Open WebUI’s web search reads through whatever provider you point it at. SearXNG is local, privacy-respecting, and aggregates results from many engines. Two pieces need to line up.

open_webui_search_k8s

Enable JSON output in SearXNG

Open WebUI calls SearXNG’s API expecting a JSON response. SearXNG ships with HTML output only by default, so add JSON to the formats list in settings.yml:

search:
  formats:
    - html
    - json

There are two places this has to be true. SearXNG must allow JSON in settings.yml, and Open WebUI must request JSON in SEARXNG_QUERY_URL:

- name: SEARXNG_QUERY_URL
  value: 'http://searxng.apps.svc.cluster.local/search?q=<query>&format=json'

Without format=json, the service call still returns 200 OK, but it returns HTML. That is enough to make direct curl tests look healthy while Open WebUI’s search integration quietly fails to produce usable sources.

Allowlist the cluster pod CIDR

SearXNG ships with a “limiter” that does much more than rate limiting. It also runs bot detection: it expects a cookie that real browsers acquire by visiting the search page, and it inspects request headers for browser-shaped user agents and Accept-Language. An API client like Open WebUI fails those checks on the very first request and gets 429 Too Many Requests immediately, regardless of frequency.

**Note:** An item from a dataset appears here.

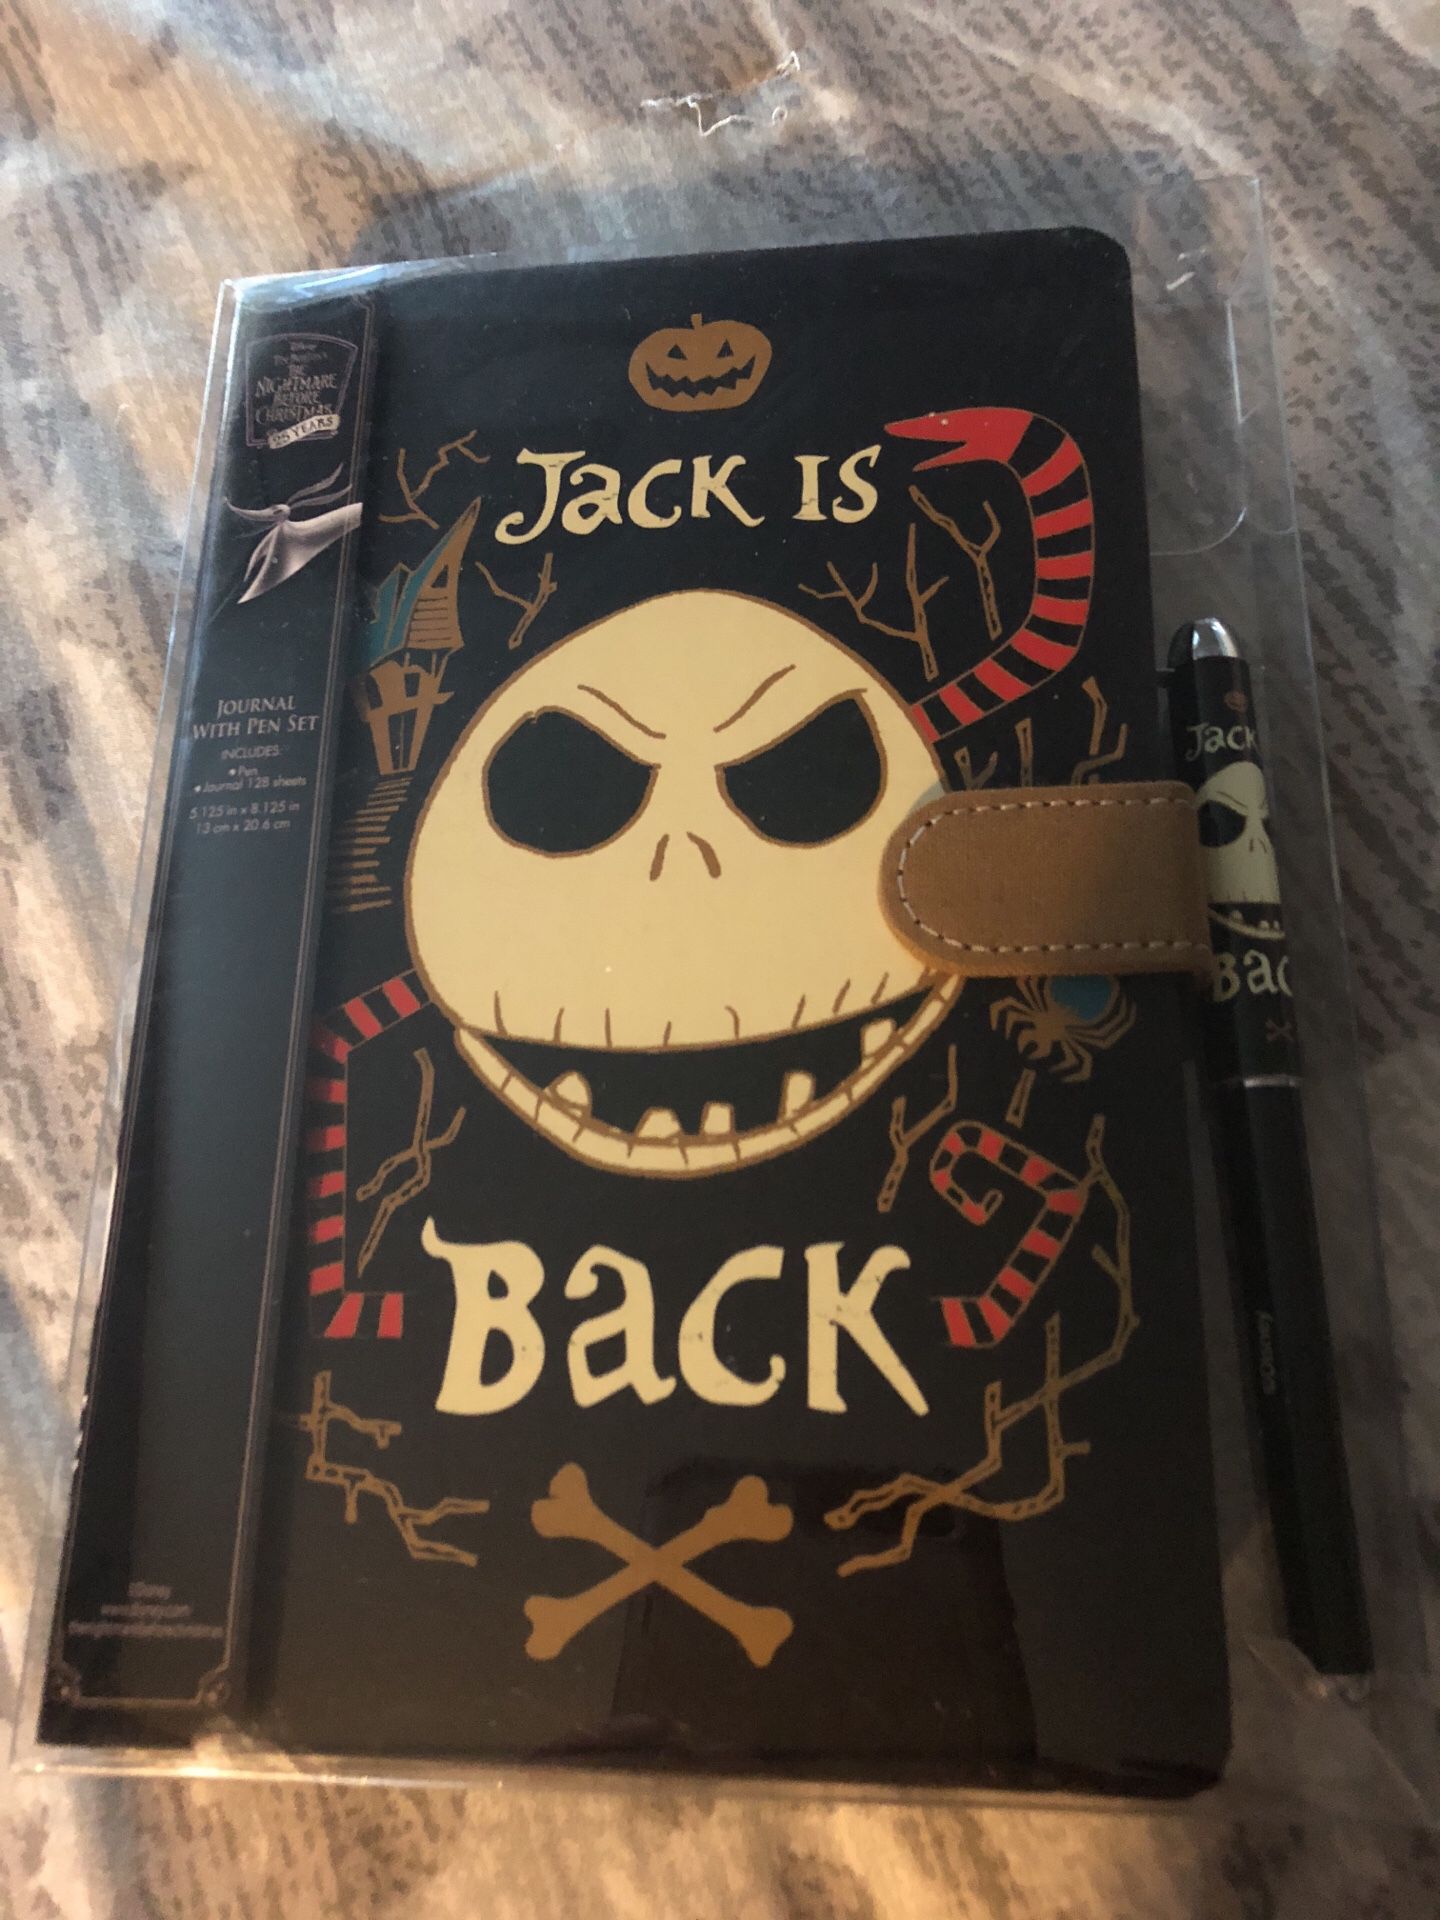 Nightmare Before Christmas 128 page Journal w/Pen

The clean fix is to allowlist the in-cluster pod CIDR via limiter.toml:

# /etc/searxng/limiter.toml
[botdetection.ip_lists]
pass_ip = [
  "10.42.0.0/16",
]

pass_ip exempts those source addresses from all bot detection. Public ingress traffic still goes through the full set of checks, but in-cluster pods are trusted. Mount it into the SearXNG container alongside settings.yml:

volumeMounts:
  - name: config
    mountPath: /etc/searxng/settings.yml
    subPath: settings.yml
  - name: config
    mountPath: /etc/searxng/limiter.toml
    subPath: limiter.toml

After a kubectl rollout restart deploy/searxng, Open WebUI’s queries show up in the SearXNG logs as WARNING:searx.limiter: PASS ... matched PASSLIST.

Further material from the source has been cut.